BEGIN Records supplied
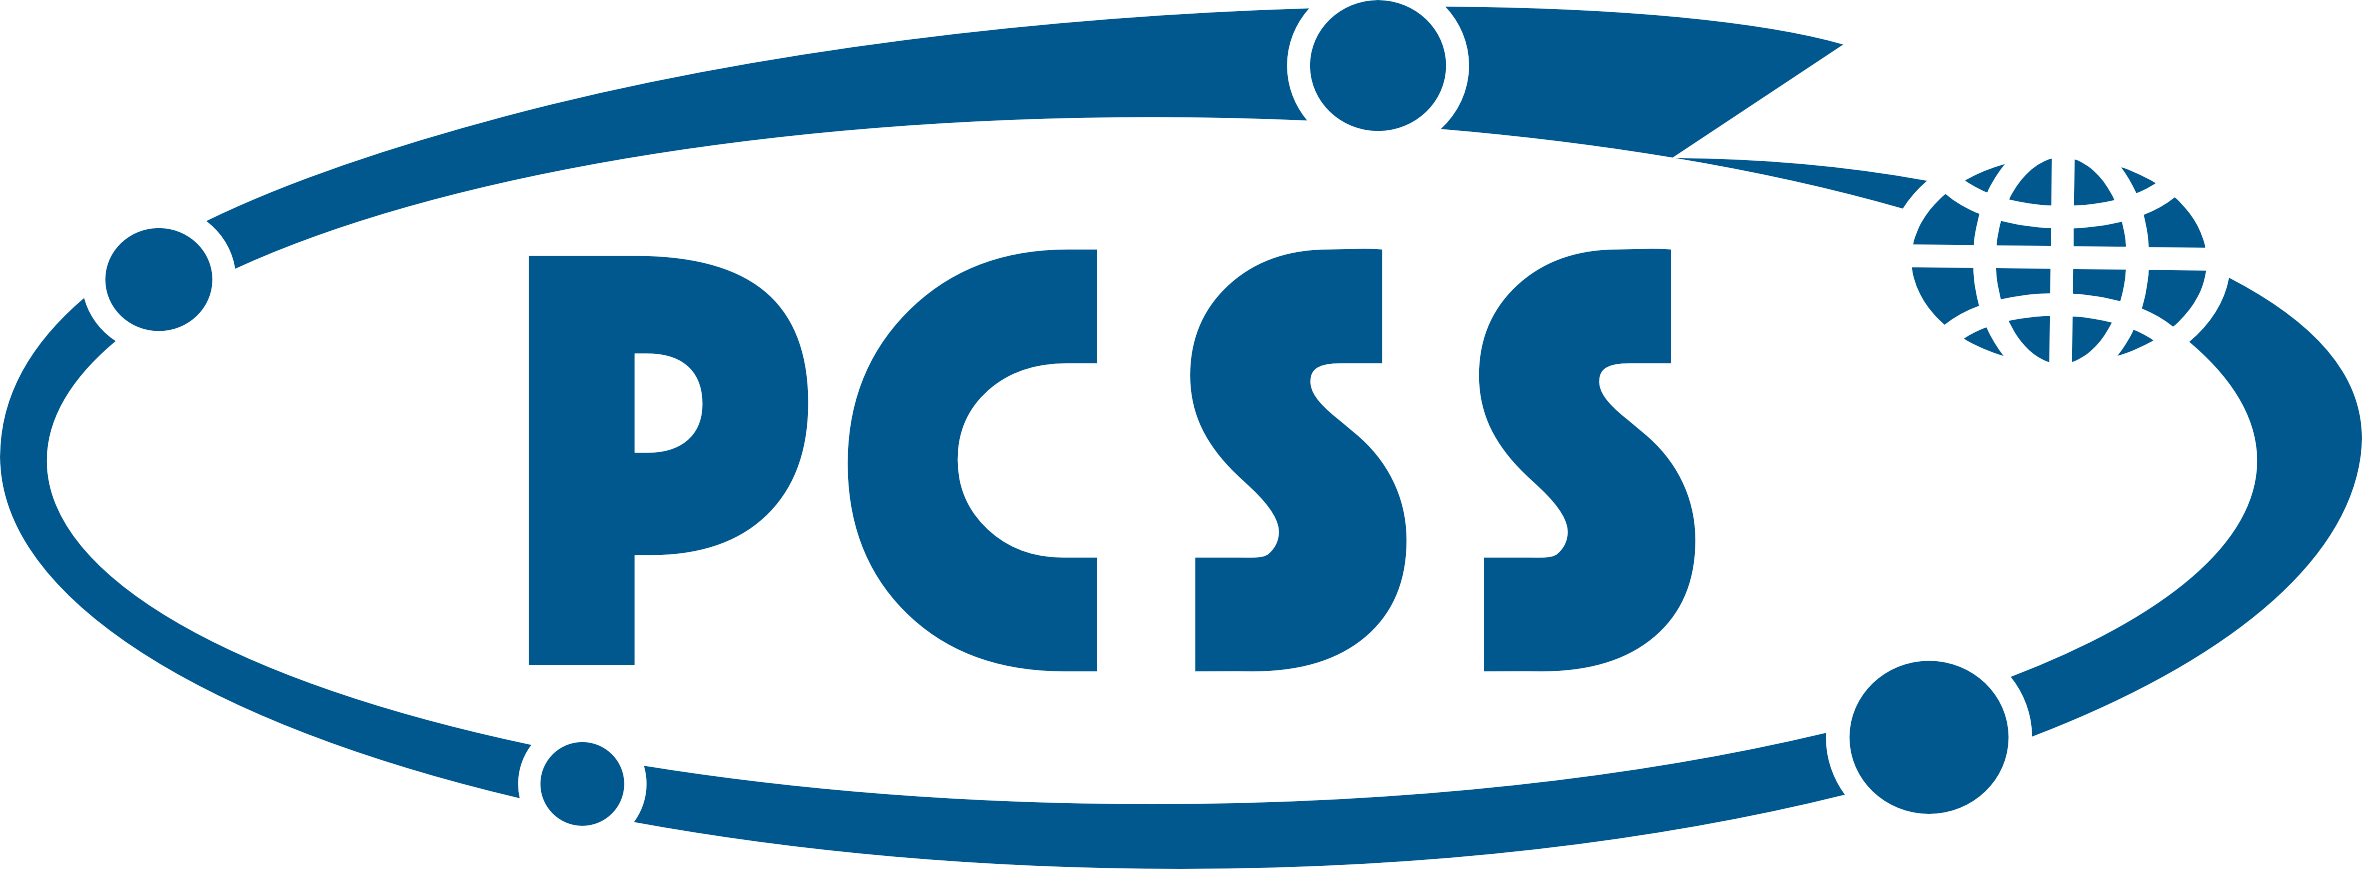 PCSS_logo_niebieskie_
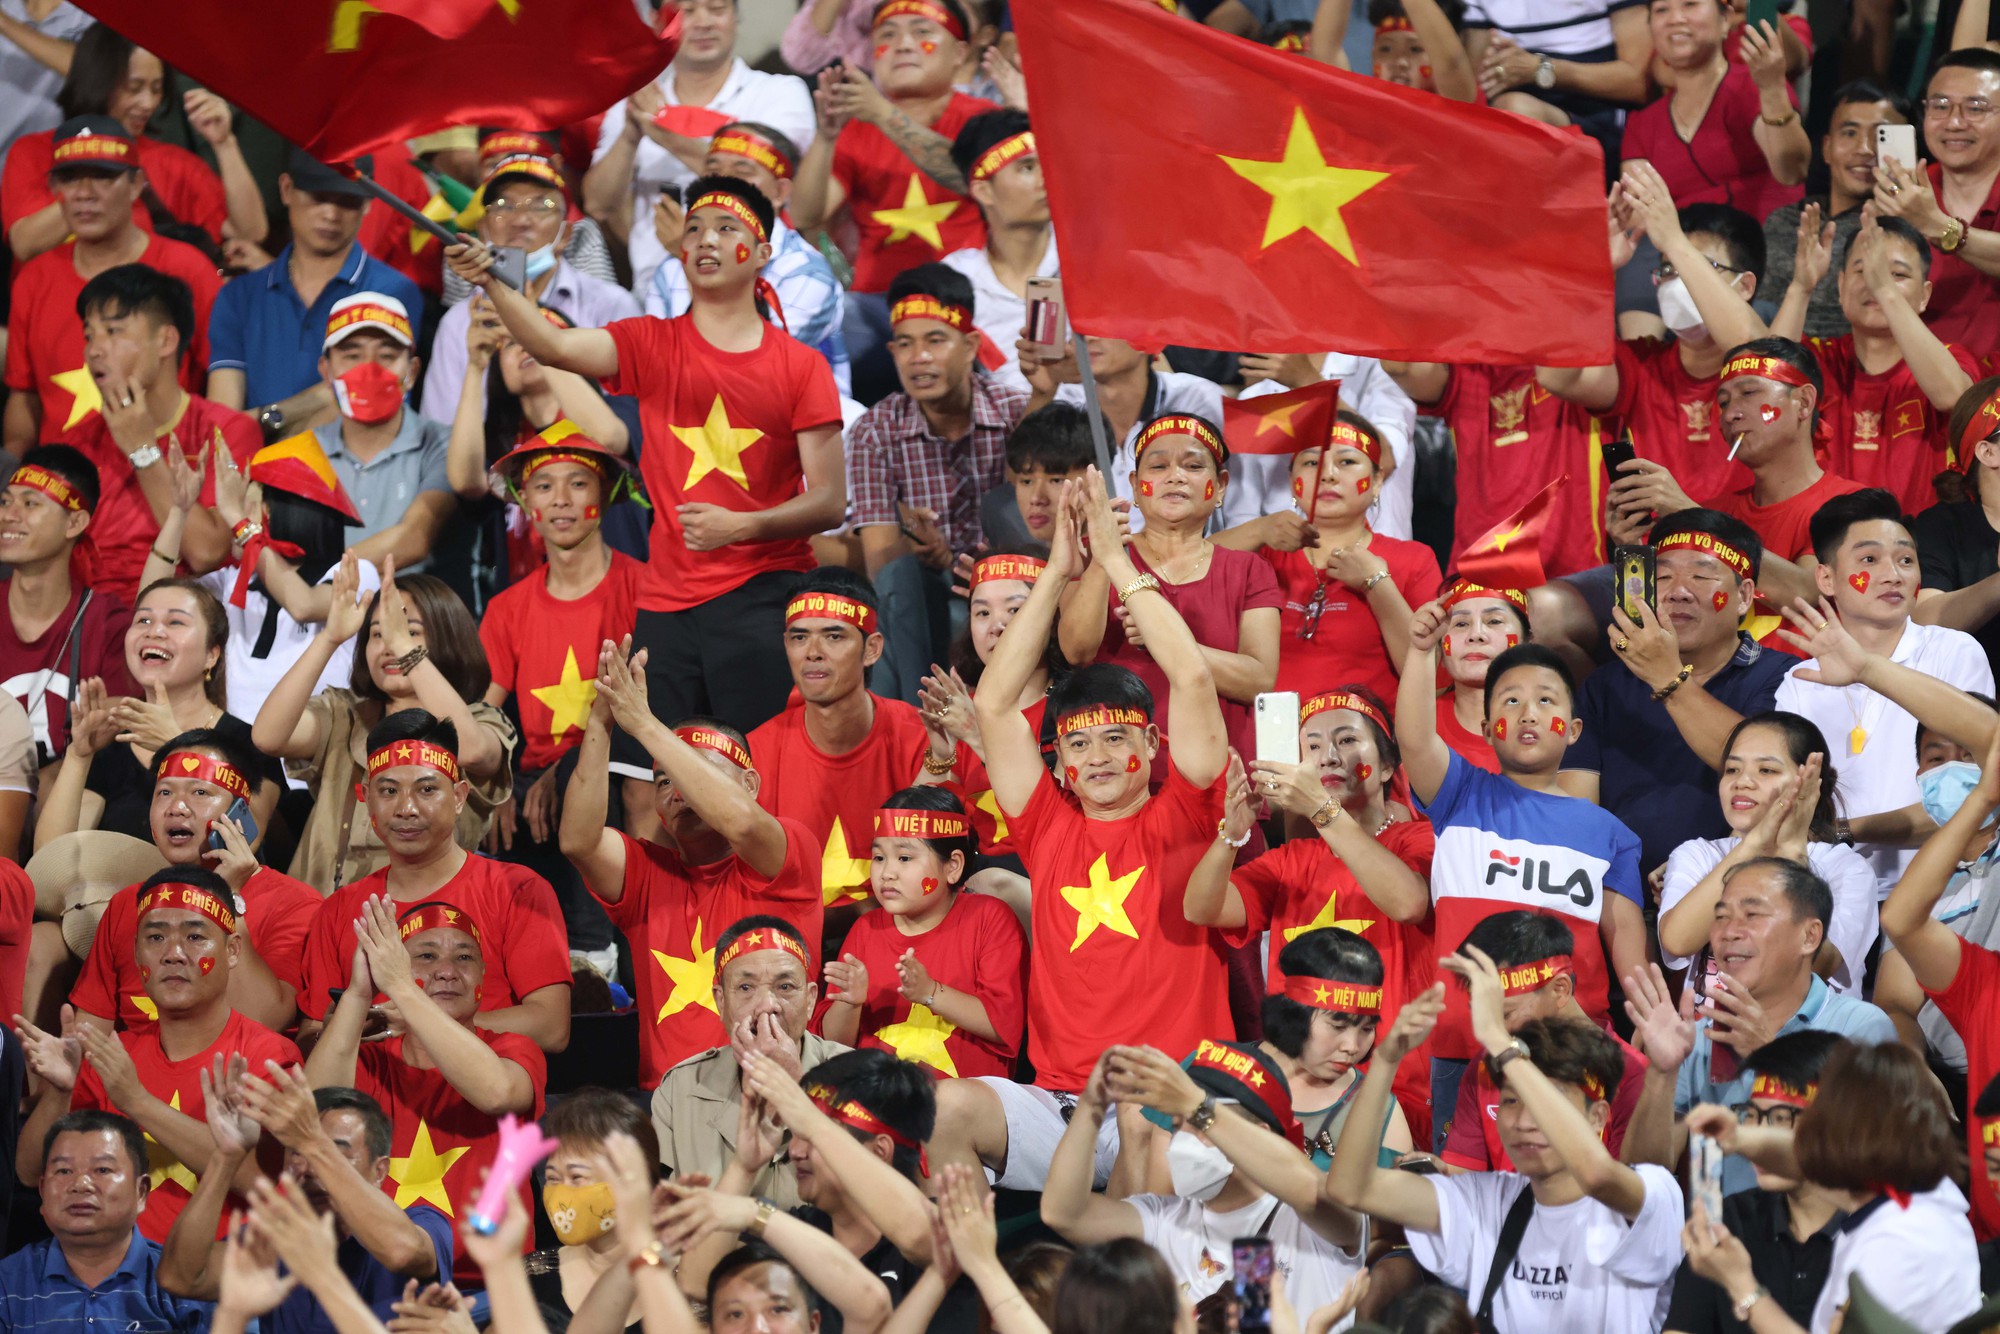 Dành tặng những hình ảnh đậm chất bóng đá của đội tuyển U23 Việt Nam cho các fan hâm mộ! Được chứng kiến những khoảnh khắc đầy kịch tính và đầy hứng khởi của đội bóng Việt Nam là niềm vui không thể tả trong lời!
END Records supplied
BEGIN Records supplied
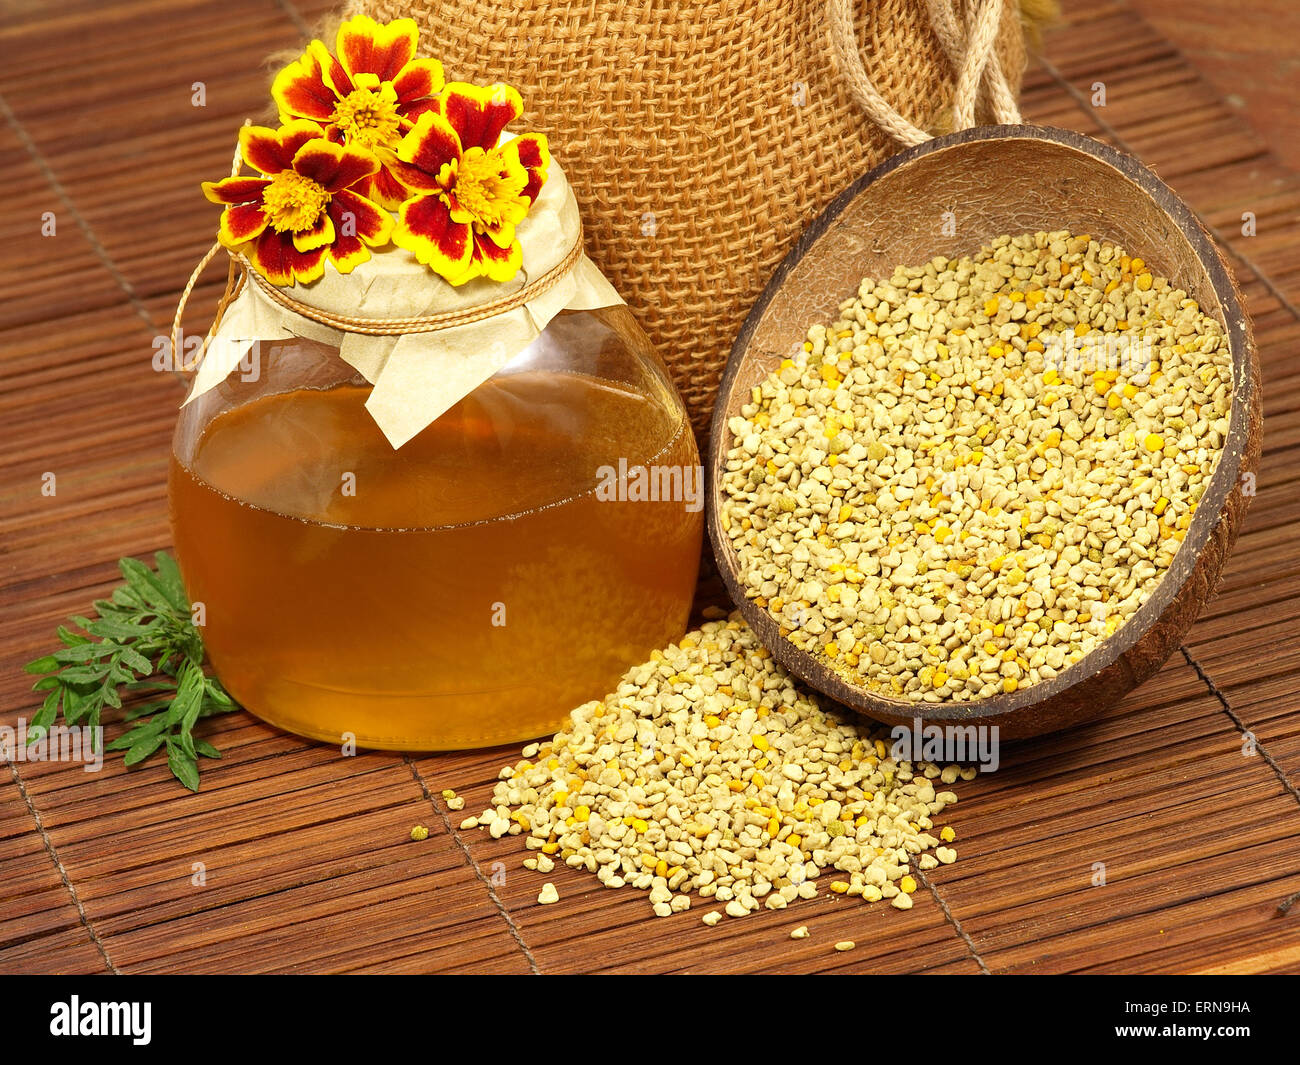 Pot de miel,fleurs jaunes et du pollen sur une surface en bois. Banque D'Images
END Records supplied
BEGIN Records supplied
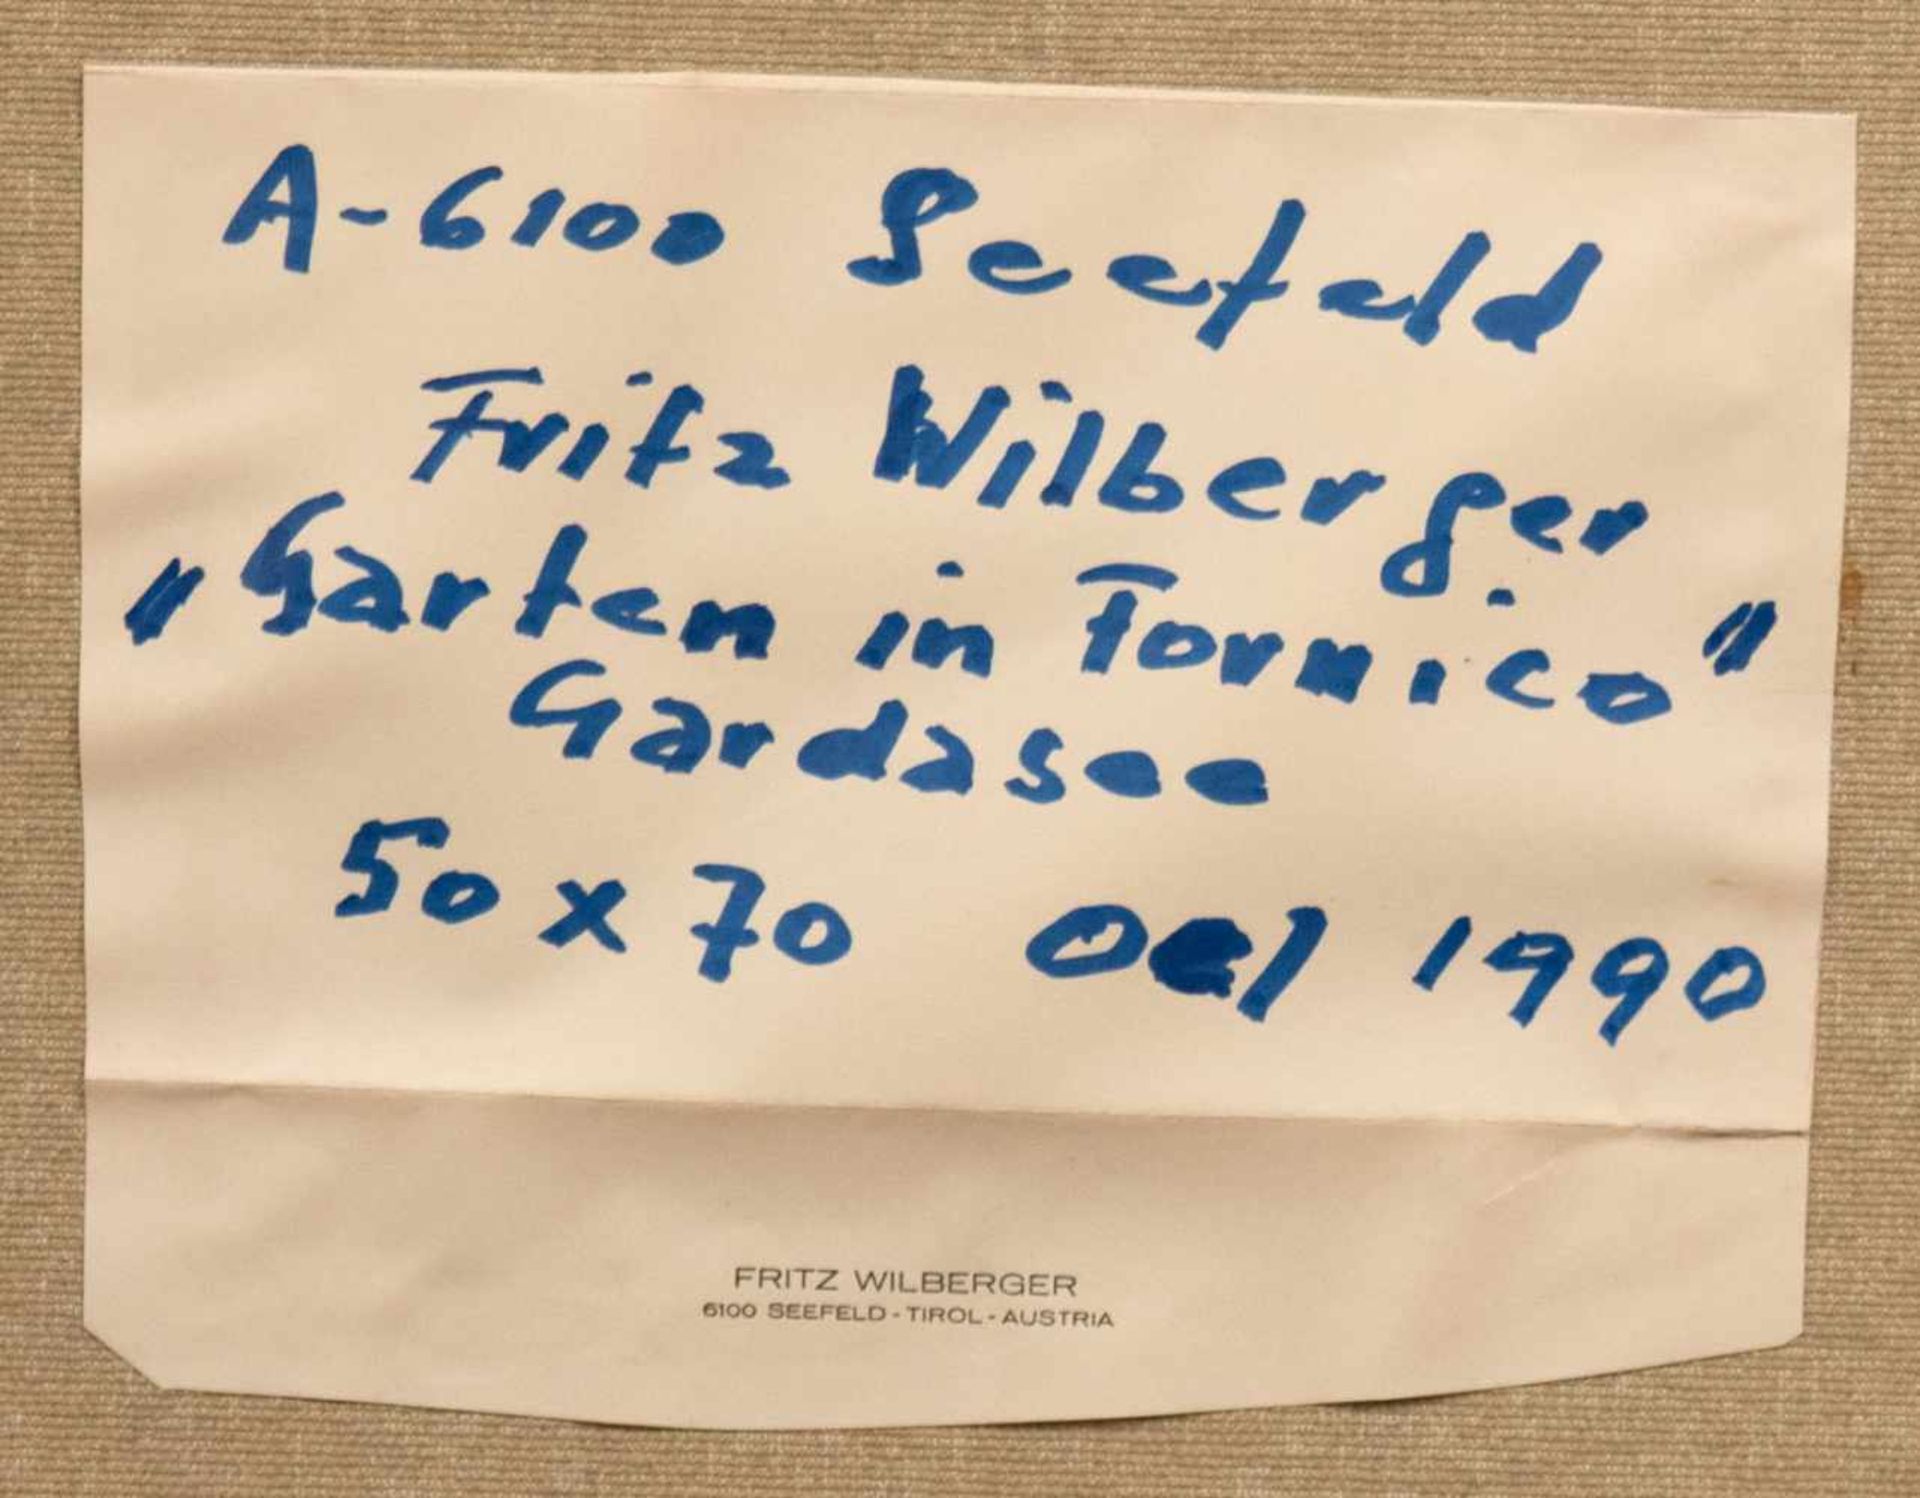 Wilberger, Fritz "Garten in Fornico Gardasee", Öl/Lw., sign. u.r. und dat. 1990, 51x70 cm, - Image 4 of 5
END Records supplied
> What you need to do
Produce an exact reproduction of the listing above, limited to the lines starting at the line with "PCSS_logo_niebieskie_" and ending at the line with "Dành tặng những", both kept, with every picture left out.

> Expected answer
 PCSS_logo_niebieskie_
 Dành tặng những hình ảnh đậm chất bóng đá của đội tuyển U23 Việt Nam cho các fan hâm mộ! Được chứng kiến những khoảnh khắc đầy kịch tính và đầy hứng khởi của đội bóng Việt Nam là niềm vui không thể tả trong lời!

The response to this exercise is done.